Kerreth studied his face, serious now. “And if you weren’t needed here?”
Alren hesitated. Just a moment. “Then I’d find somewhere I was.”
Kerreth smiled, softer than usual. “Figures.”
The rumor reached them a week later.
It came on the wind, carried by traders who spoke too freely after too much ale. Whispers of old stones uncovered upriver. Of clerics traveling in pairs. Of prophecies best left buried.
Alren heard it first.
He found Kerreth by the river, as always, skipping stones across the surface with reckless precision.
“Have you heard what people are saying?” Alren asked.
Kerreth shrugged. “People say lots of things.”
“They’re talking about a prophecy.”
That got his attention. Kerreth’s hand stilled. “What kind?”
“The kind that starts wars,” Alren said. “The kind scholars argue over and priests pretend not to believe.”
Kerreth frowned. “About what?”
Alren hesitated. He didn’t know why. “About a king.”
Kerreth laughed. “Well, that narrows it down.”
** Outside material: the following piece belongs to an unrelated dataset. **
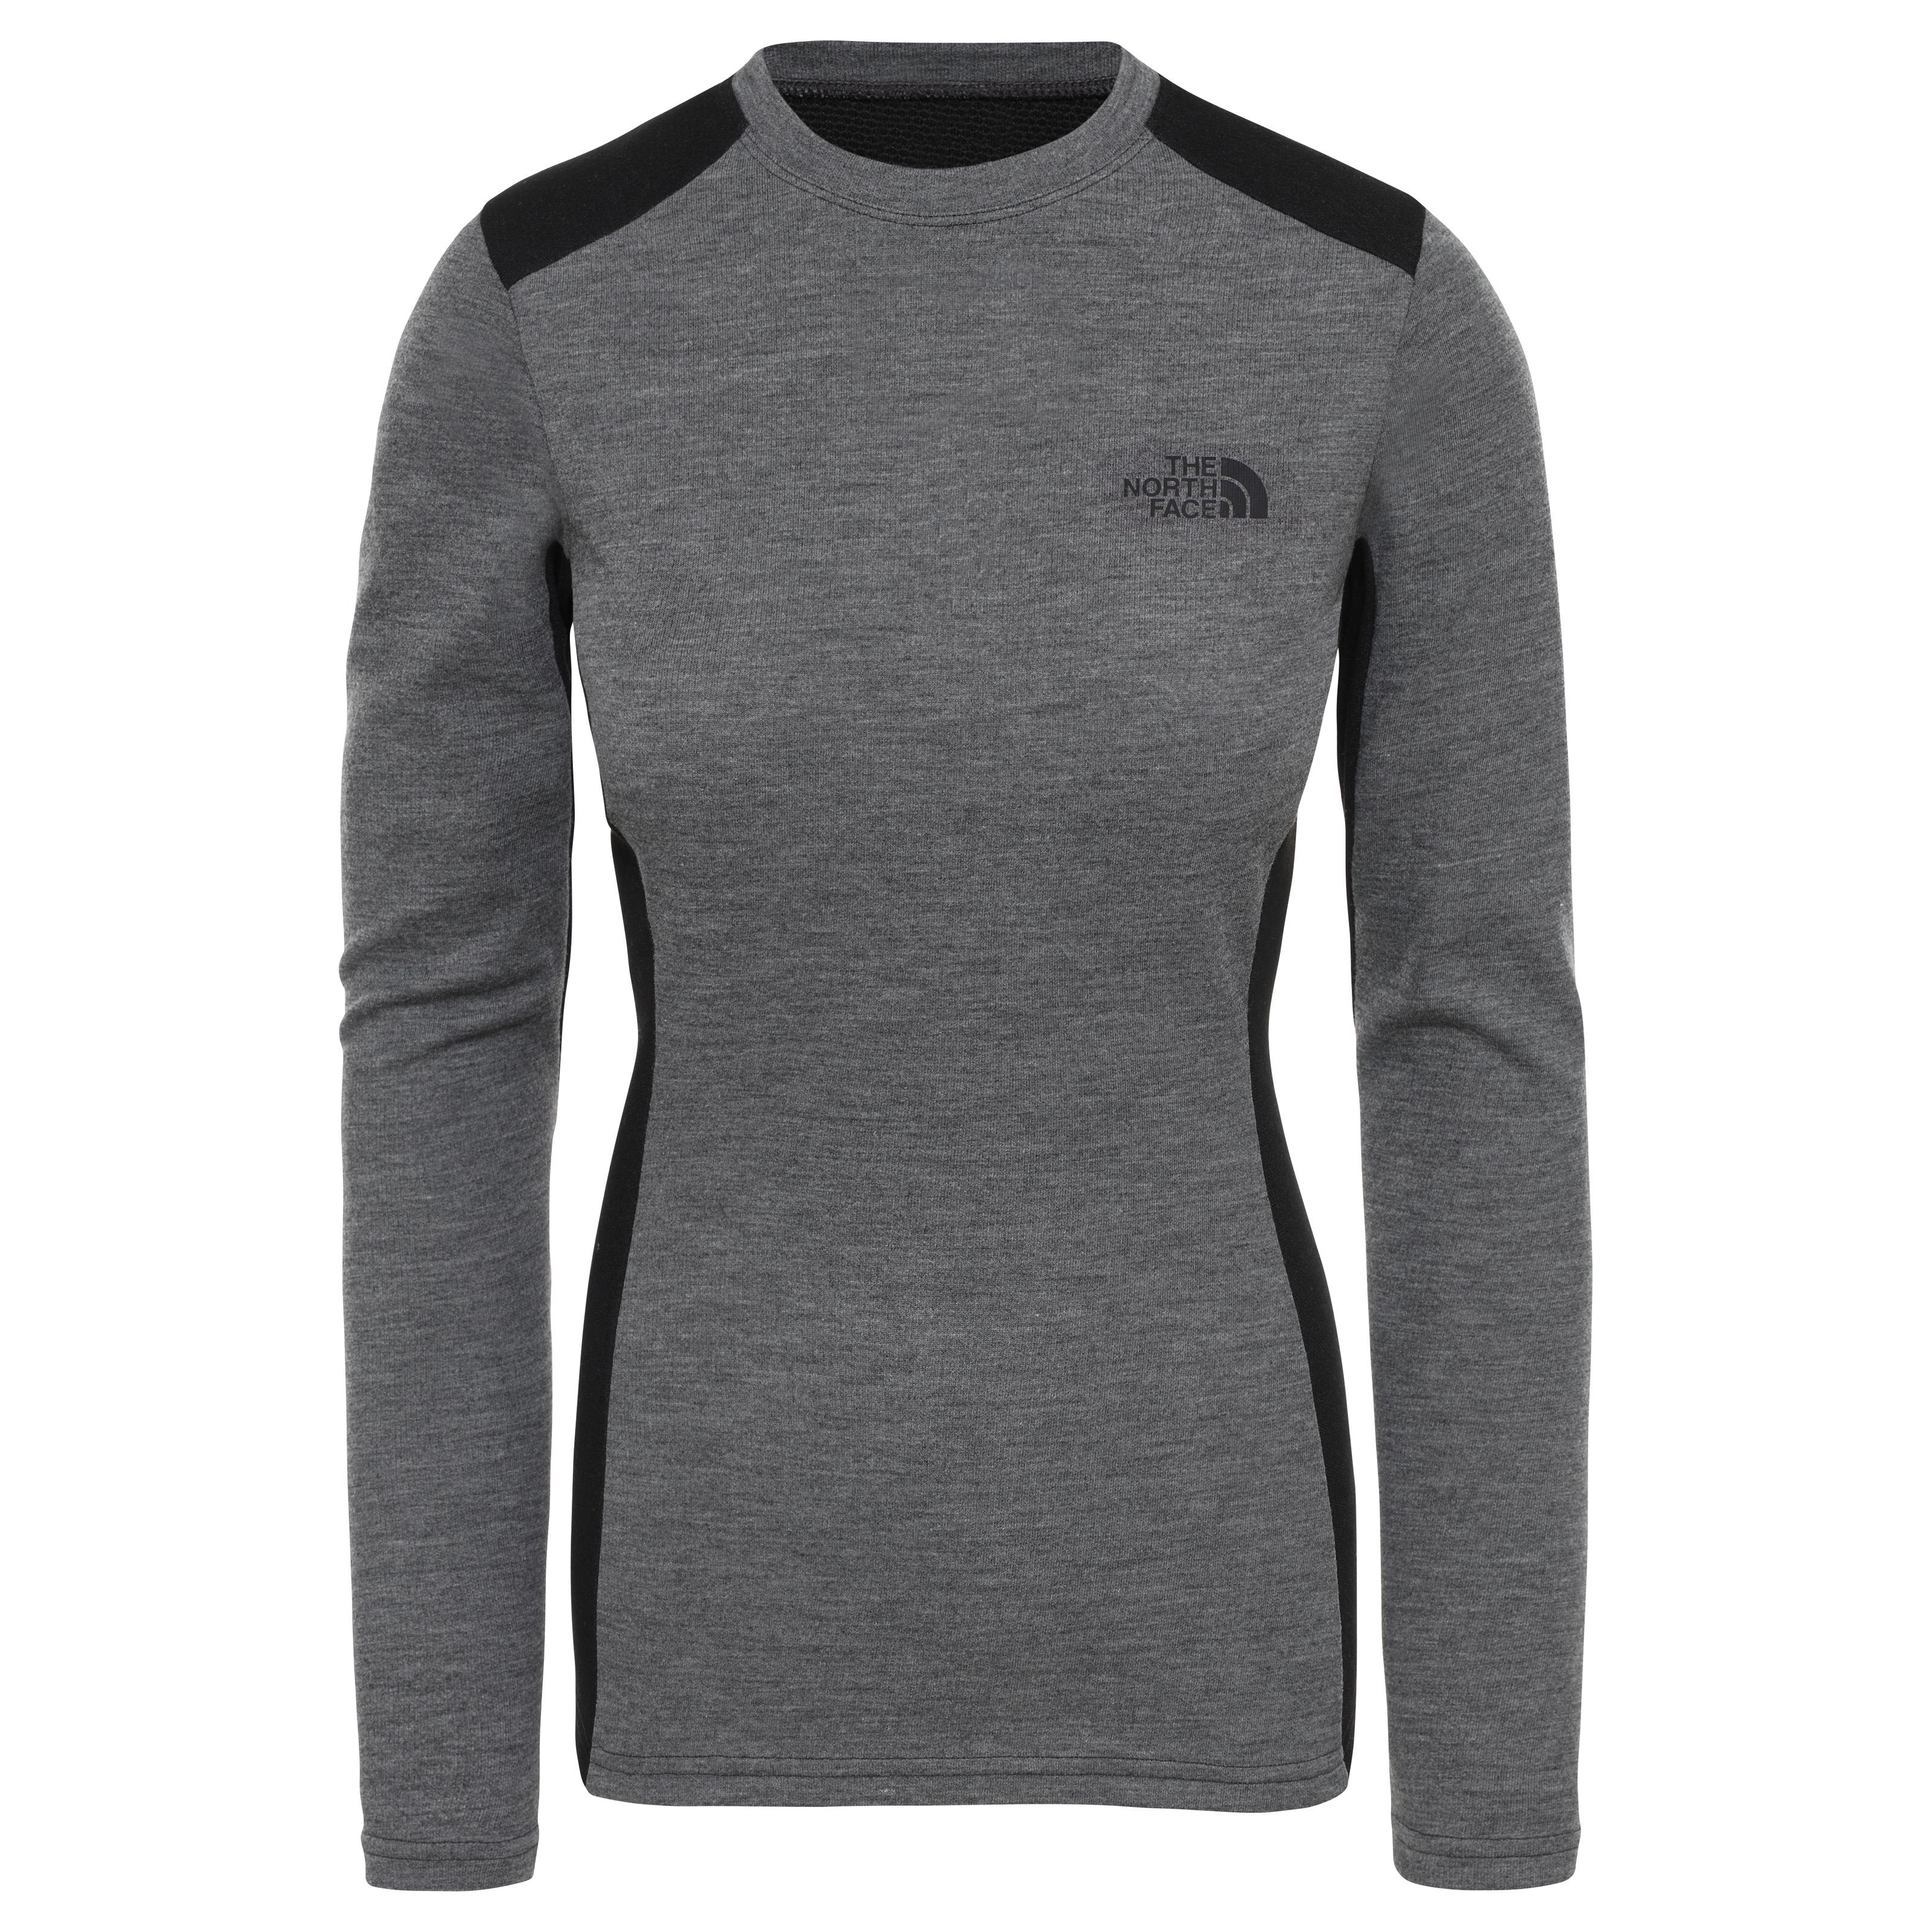 The North Face dámské funkční prádlo DÁMSKÉ FUNKČNÍ TRIČKO EASY S DLOUHÝM RUKÁVEM The North Face

“They say he was born by a river.”
Kerreth stopped laughing.
The silence stretched.
“That’s stupid,” Kerreth said at last. “Half the kingdom’s born near water.”
Alren nodded. “That’s what I thought.”
They stood there for a while, listening to the river slide past, neither of them willing to say what lingered unspoken between them.
It was the flood that changed things.
Spring came early and angry, swelling the river beyond its banks. The water climbed the stone steps, then the roads, then the lower houses. Panic spread faster than the current.
Kerreth was the first to act.
“Get the children out first!” he shouted, voice carrying over the roar of water. “To the hill—don’t stop for anything!”
Adults hesitated.
Then they moved.
Alren didn’t question it. He ran where Kerreth pointed, lifted children onto his shoulders, waded into chest-deep water without a second thought. When a cart overturned and pinned a man beneath it, Kerreth was there, bracing himself against the current, shouting instructions until they dragged the man free.
Later—soaked, shaking, exhausted—they stood on the hill and watched the water recede.
Someone clapped Kerreth on the shoulder. Someone else pressed a blanket into his hands.
An old woman took his face between her palms and said, “You saved us.”
Kerreth didn’t answer. He was staring at the river, brow furrowed, as though trying to understand something it had said to him.
Alren stood beside him, silent.
That night, Kerreth found Alren sitting outside his family’s home, sharpening his father’s blade by lantern light.
“You didn’t hesitate today,” Kerreth said.
Alren glanced up. “Neither did you.”
Kerreth sat beside him, close enough that their shoulders touched. “I didn’t think. I just… knew.”
Alren nodded. “That’s what scares me.”
Kerreth laughed quietly. “You’re afraid of confidence now?”
“I’m afraid of people who follow it,” Alren said.
Kerreth turned serious. “Would you follow me?”
The question hung between them, fragile as glass.
Alren didn’t answer right away. He met Kerreth’s eyes—deep brown, steady, searching.
“Yes,” he said finally. “But I’d stand in front of you first.”
Kerreth smiled, something fierce and grateful in it. “Then I suppose I’ll have to be worth that.”
They sat there until the lantern burned low, neither of them noticing the way the river whispered against its banks—
as if it were remembering something it would one day demand.